Nuco’s Aion network provides a way to communicate between multiple blockchains

As blockchains begin to gain in popularity, a need is developing to enable them to communicate with one another. That would require a networking infrastructure to facilitate that communication, and that’s precisely what Nuco, a Toronto-based startup is trying to do with the release of the Aion blockchain network today.

Nuco CEO Matthew Spoke says that while each network is ultimately responsible for building its own level of trust within its blockchain, once you start to move outside the realm of your private blockchain as banks, governments, healthcare providers and anyone else working with this kind of data is inevitably going to do, you need a system to make that happen.
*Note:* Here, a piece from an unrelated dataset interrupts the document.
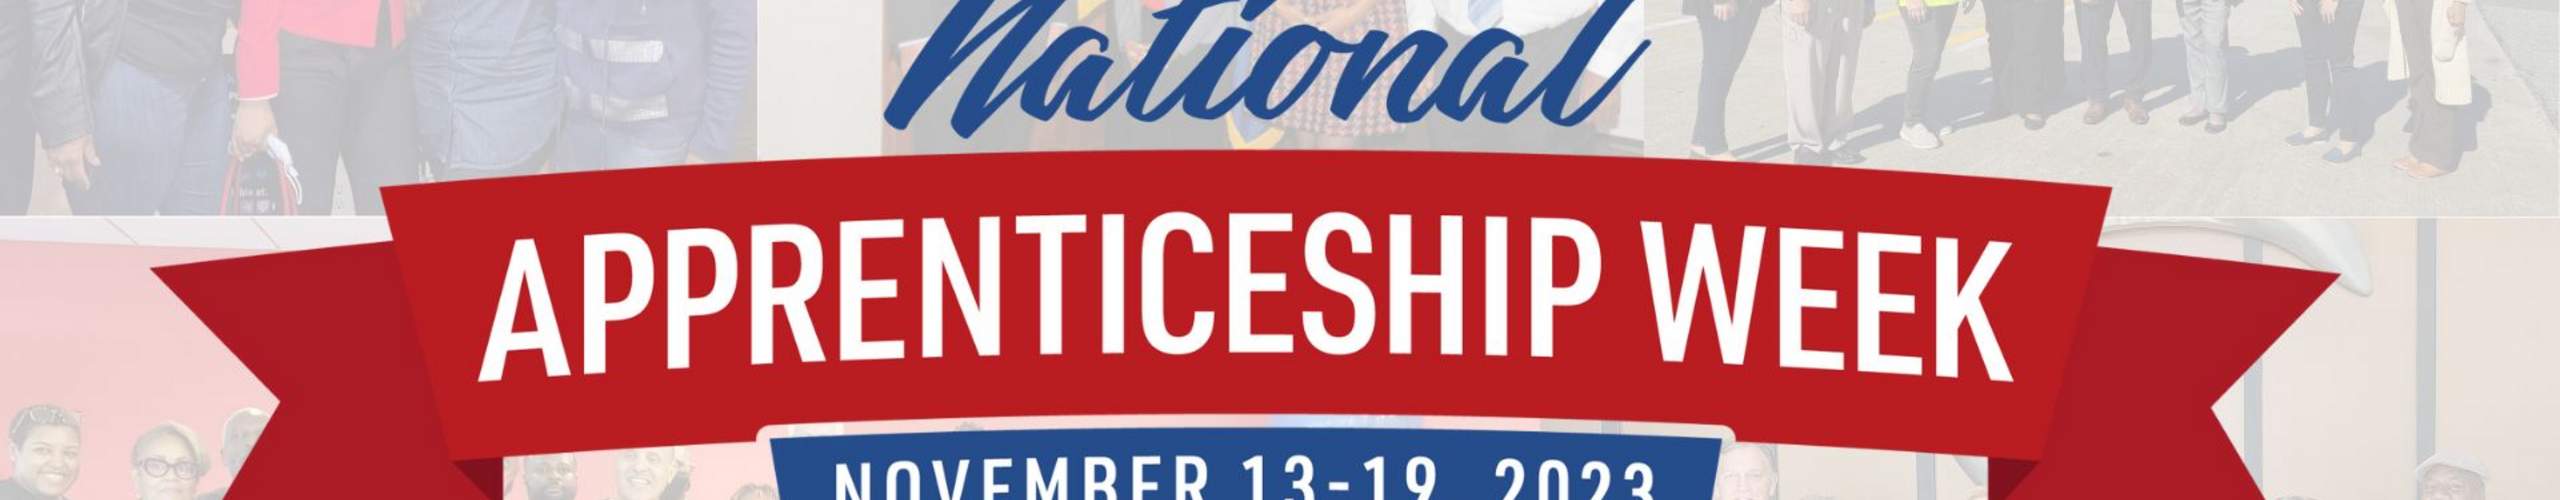 National Apprenticeship Week November 13-19, 2023

Nuco built Aion to provide that mechanism.

He says that at its core, Aion becomes the plumbing to move data around. “[Aion provides the] middleware for blockchains to communicate with each other, and the ability to pass messages between them,” he says.
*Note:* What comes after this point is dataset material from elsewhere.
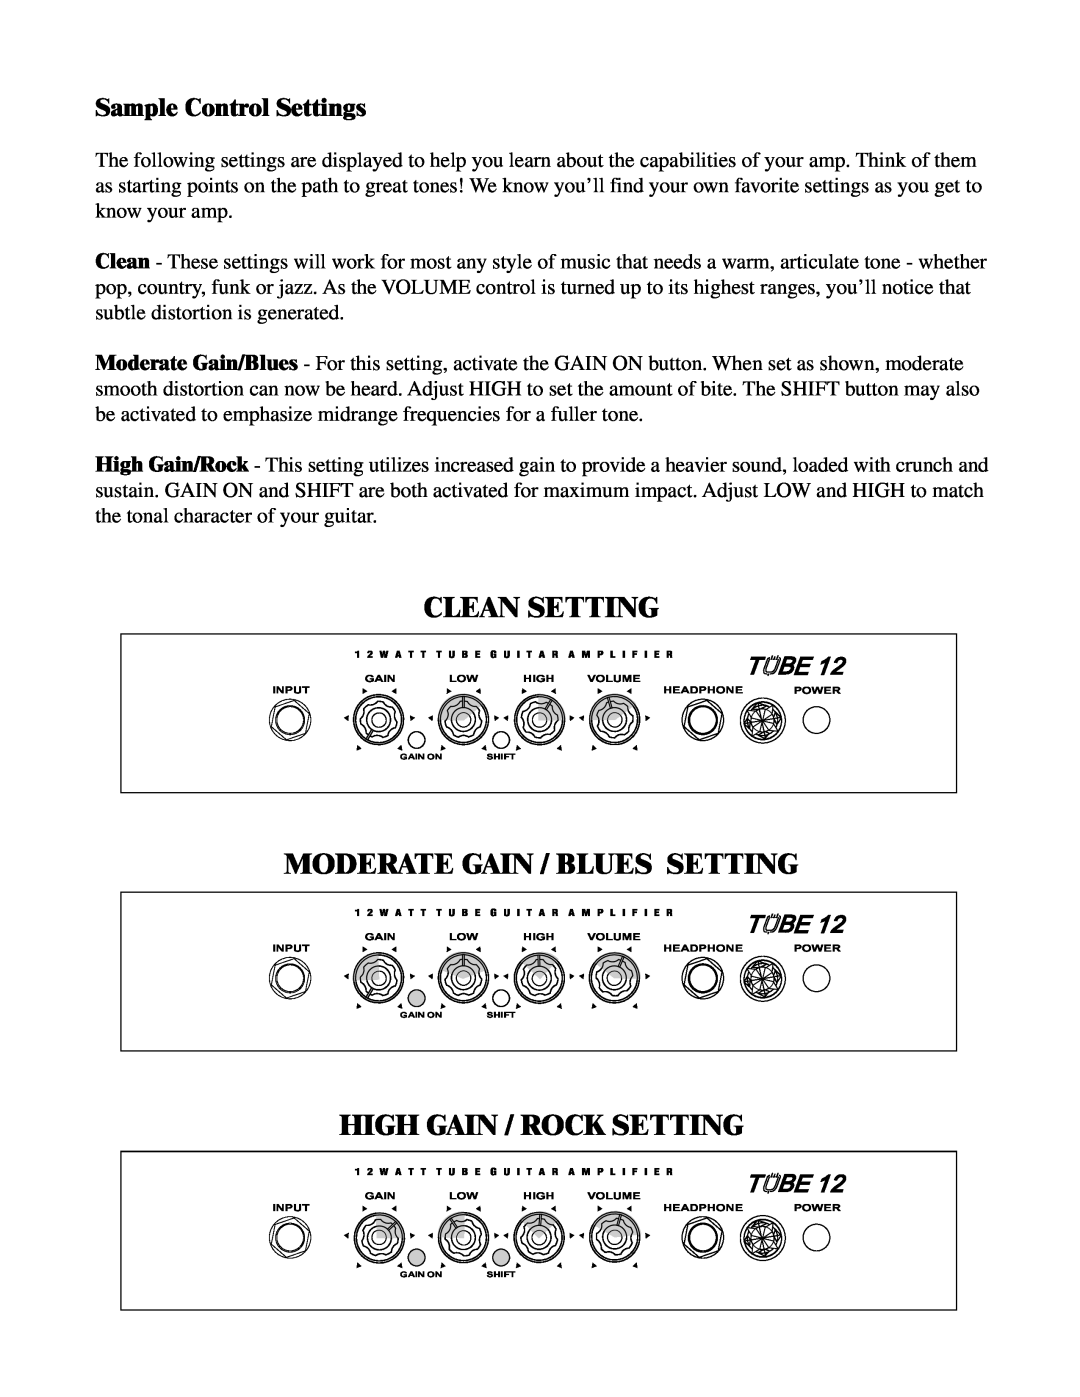 Kustom Tube12A manual Clean Setting, Moderate Gain / Blues Setting, High Gain / Rock Setting, Sample Control Settings

Spoke, who along with his co-founders, were originally part of the blockchain team at Deloitte, formed the company last year to begin building enterprise blockchain infrastructure, but they began to realize that while many large organizations were building private blockchains, there was a growing need for a public mechanism. As the blockchain concept begins to scale and becomes an integral part of the economic system, it requires a generic way of moving information.

There are a couple of major hurdles to get people to build and use a system like this. First of all, they have to convince organizations to move information between blockchains in a public way. Second, it requires a single way to move that information, a kind of networking protocol. Once they agree to the former, the latter becomes an inevitable requirement.

Companies can find a way to monetize their participation on the network by charging Aion tokens, a type of digital currency, to move certain kinds of data across inter-chain bridges. This ability could lure more companies to move to the network, Spoke explained.

That said, he sees Aion as a market necessity, not something they are looking to commercialize in a direct way. At some point blockchain will hit mainstream adoption and it will require mature infrastructure for his company and others to succeed. Spoke says his company is making this contribution to help the market grow.

While Nuco isn’t the only company working on this problem, Spoke is convinced that a process like this is required, and that like any technology, the market will decide which approach wins and becomes the standard.